Data provided:
++++

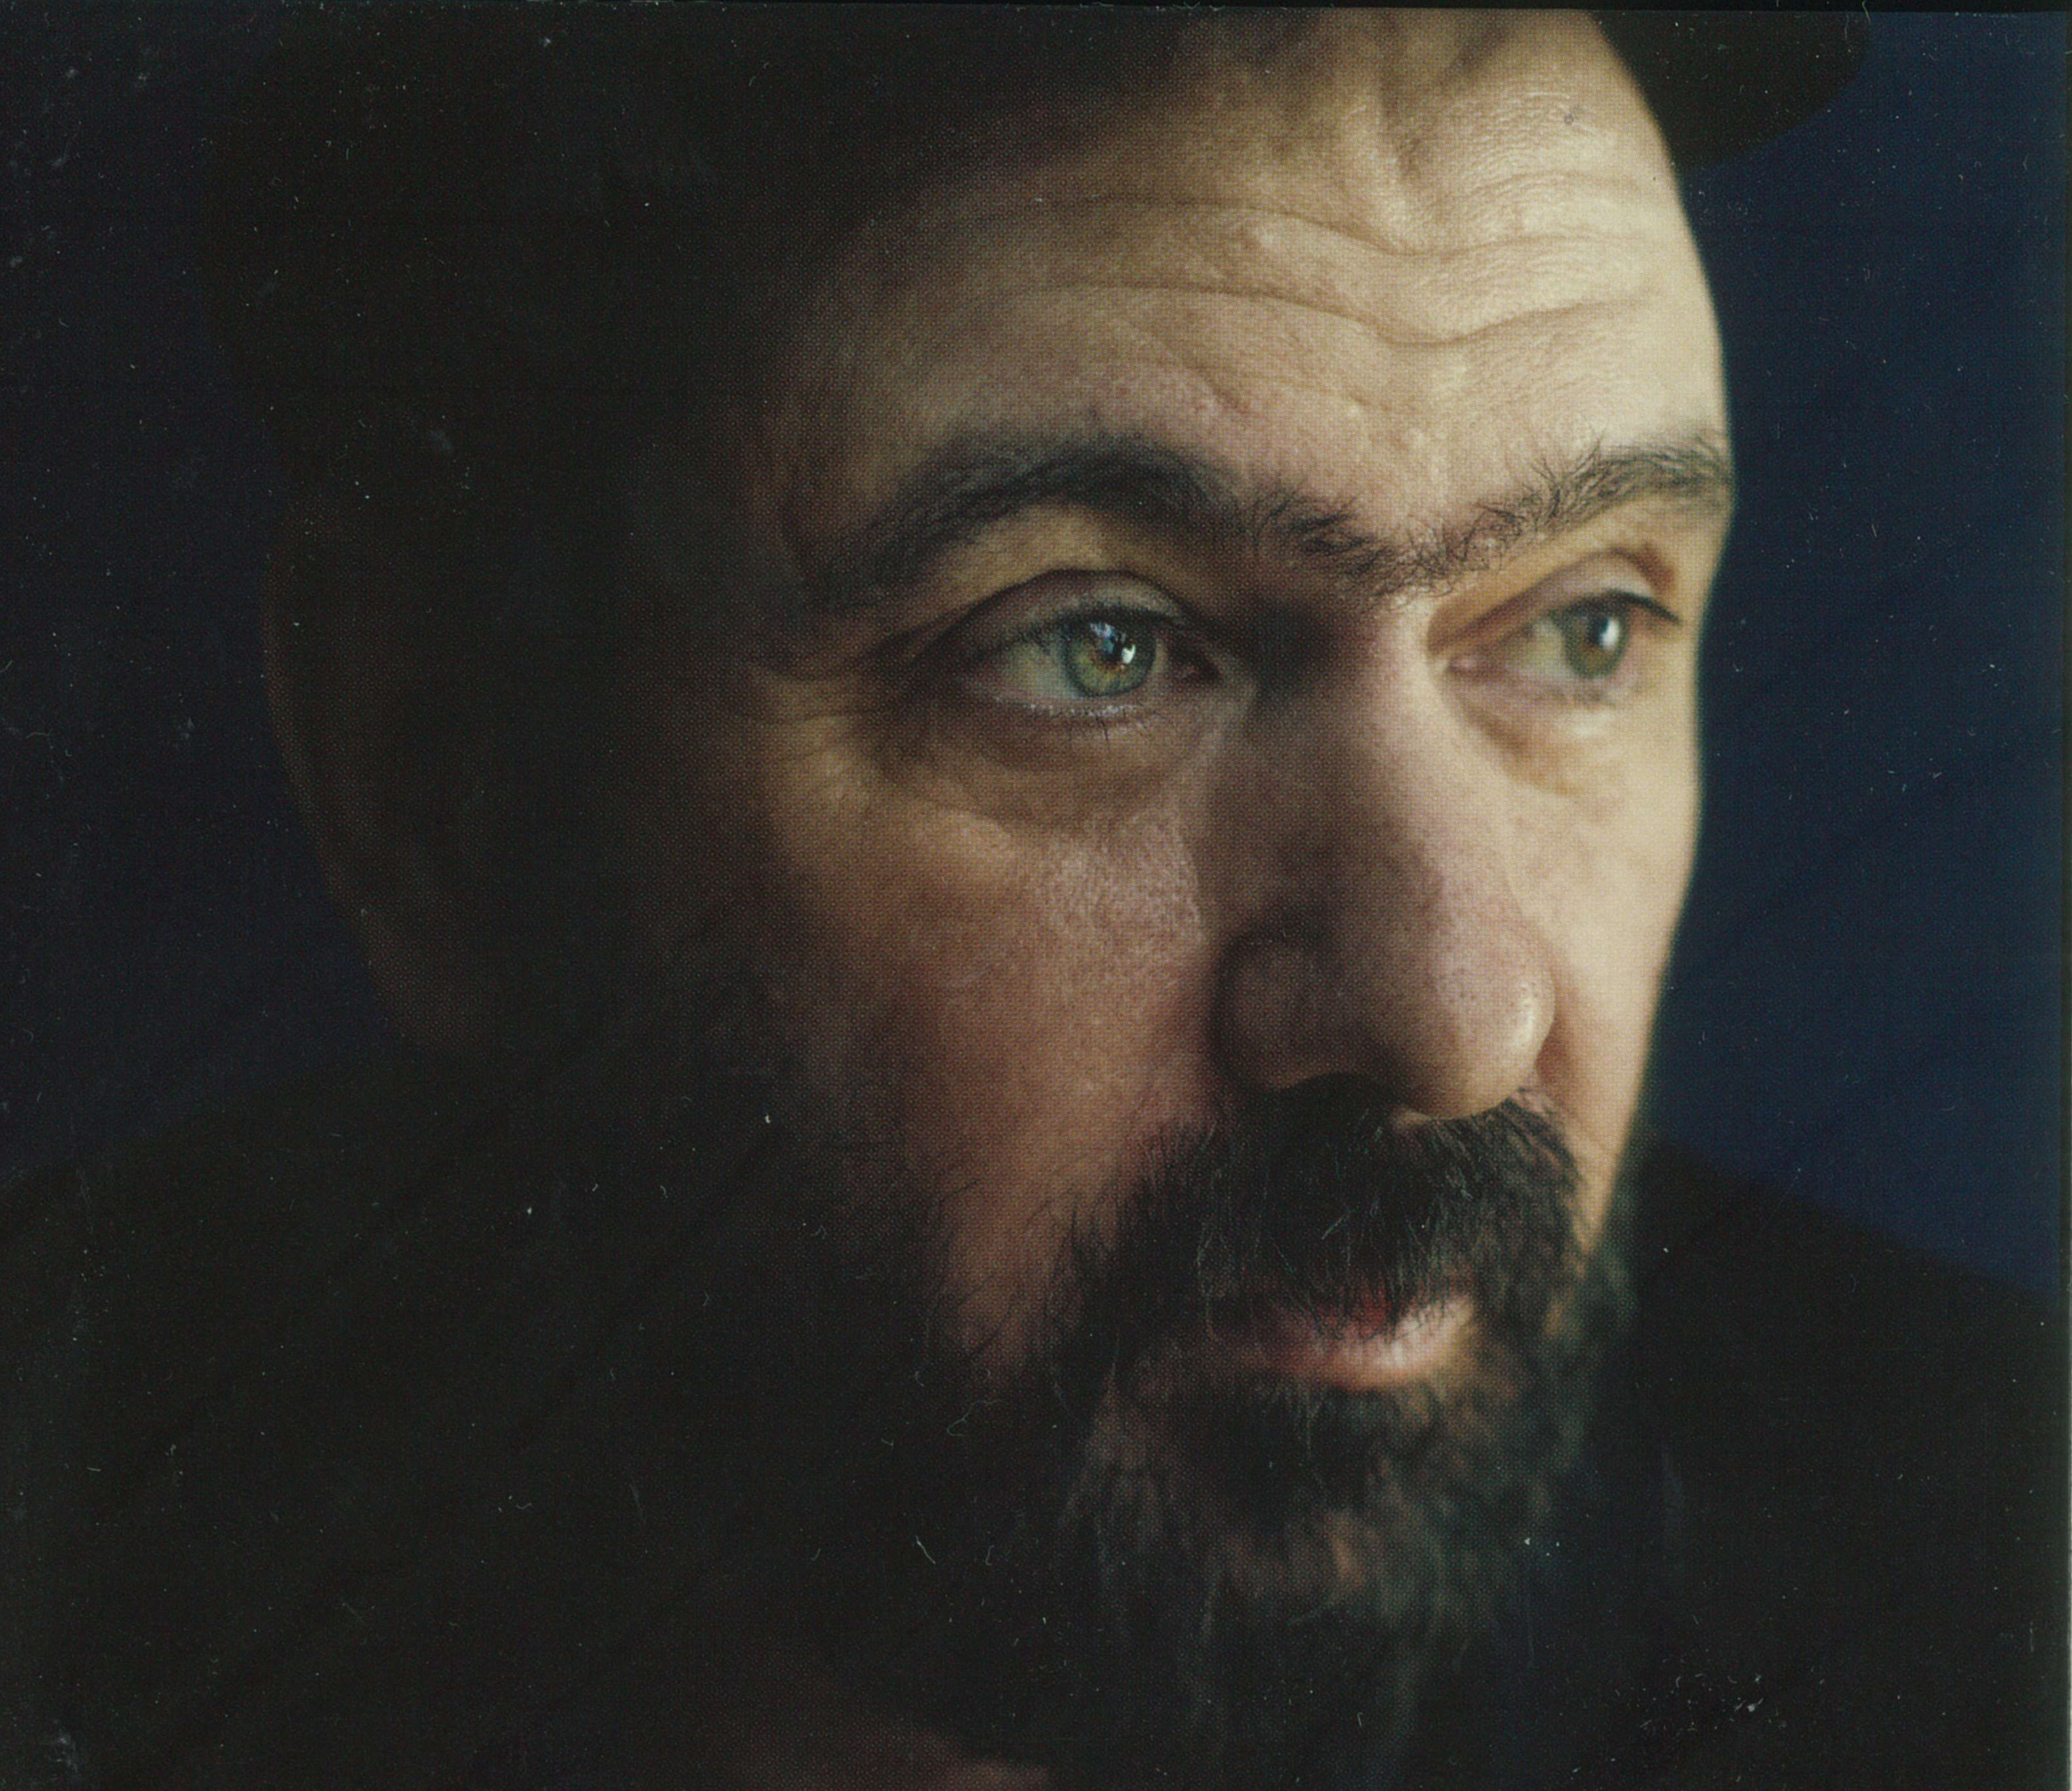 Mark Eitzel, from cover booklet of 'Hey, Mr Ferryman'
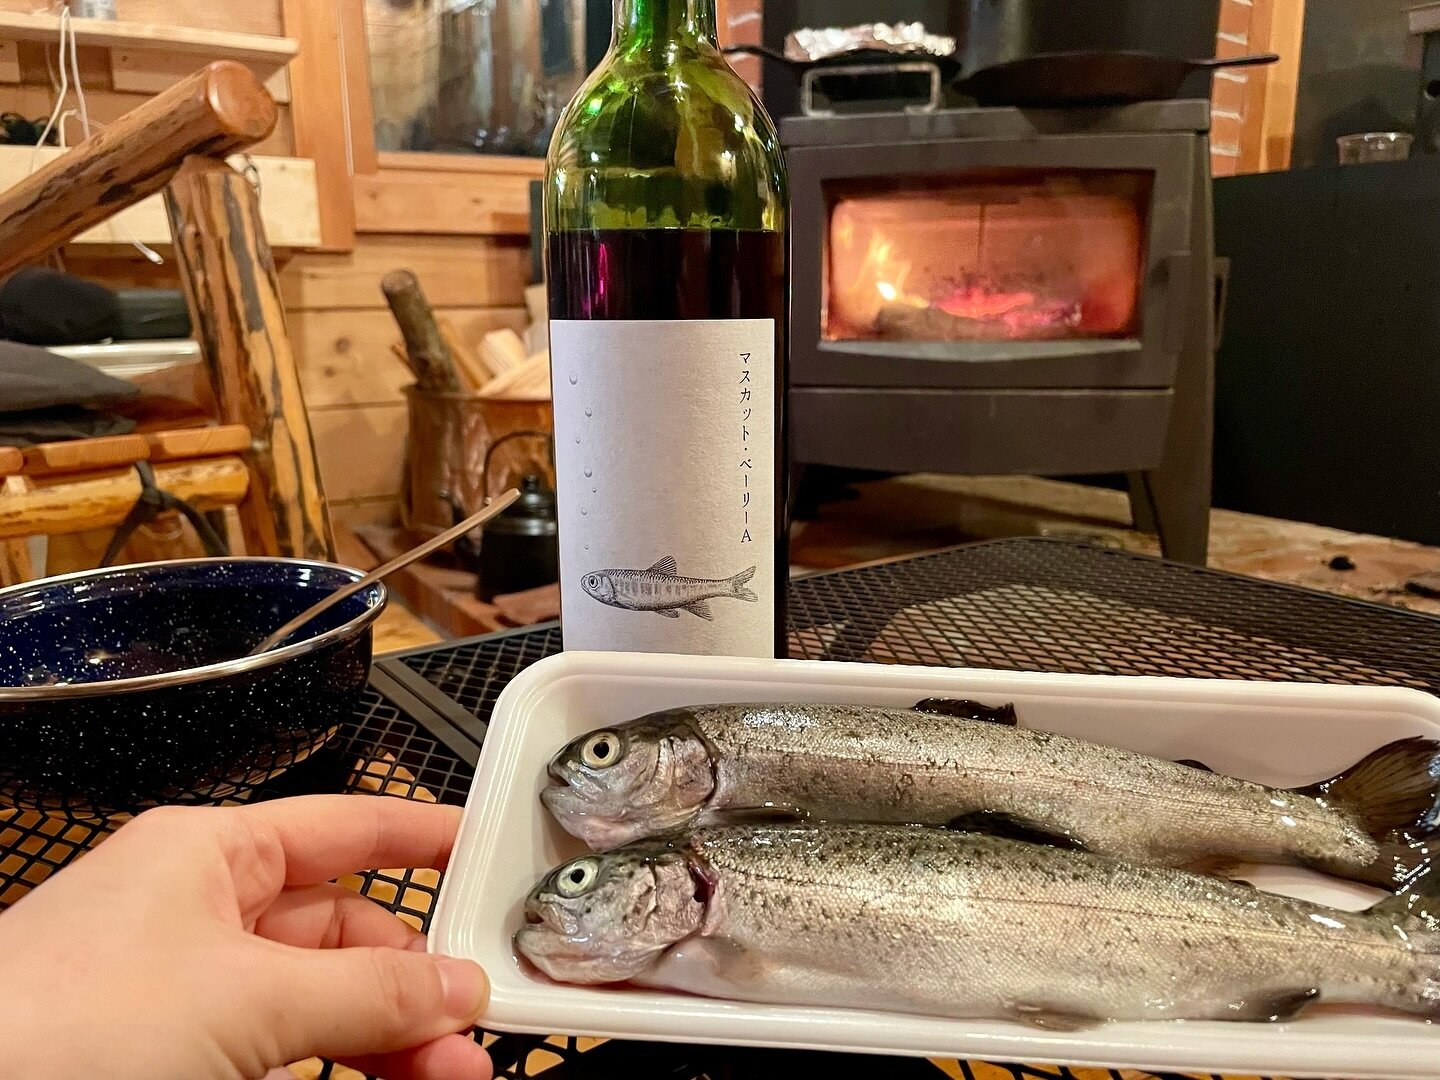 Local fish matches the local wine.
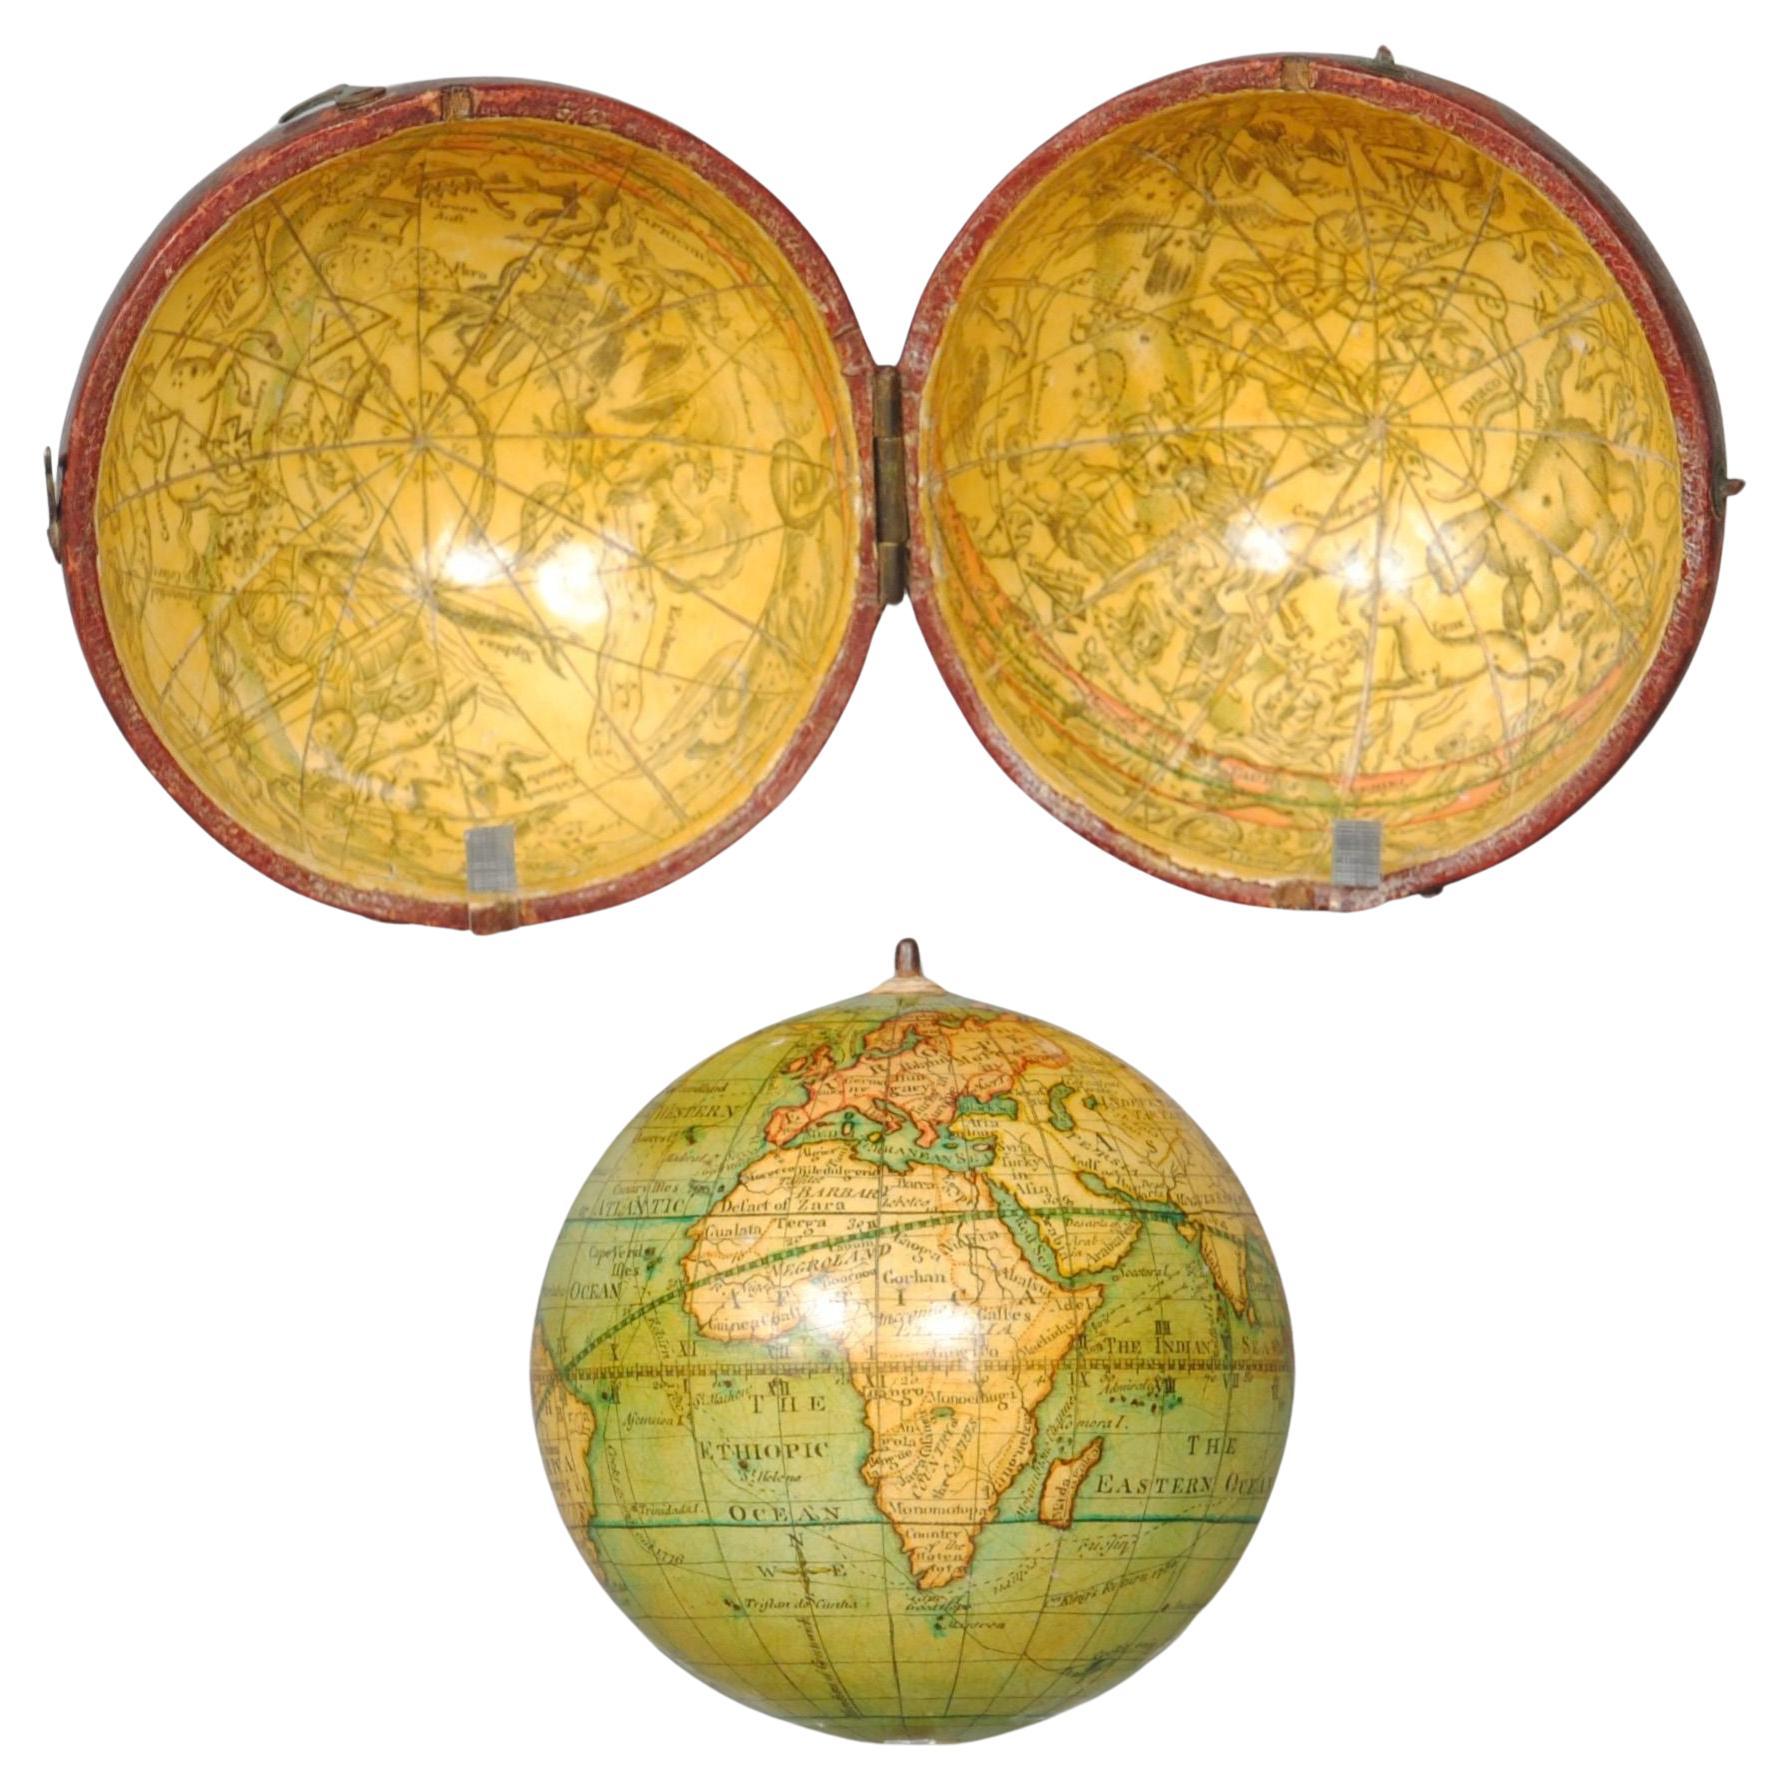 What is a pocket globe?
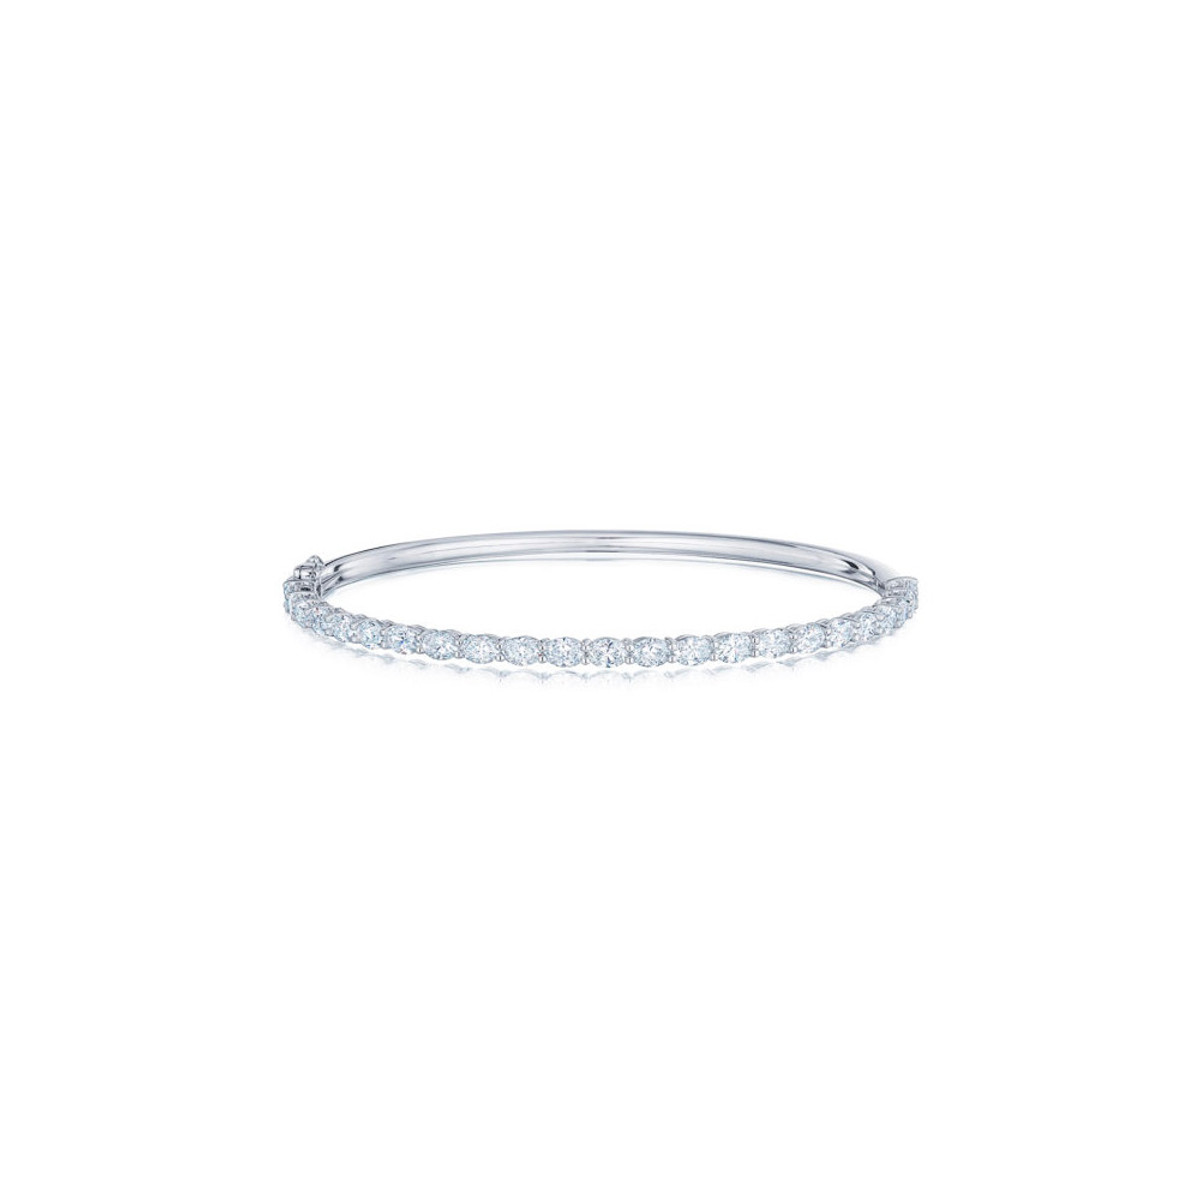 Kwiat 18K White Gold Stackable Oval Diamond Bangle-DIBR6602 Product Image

++++

Work instructions: Full transcription of the material, exact in every line, without images.

Completed task:
 Mark Eitzel, from cover booklet of 'Hey, Mr Ferryman'
 Local fish matches the local wine.
 What is a pocket globe?
 Kwiat 18K White Gold Stackable Oval Diamond Bangle-DIBR6602 Product Image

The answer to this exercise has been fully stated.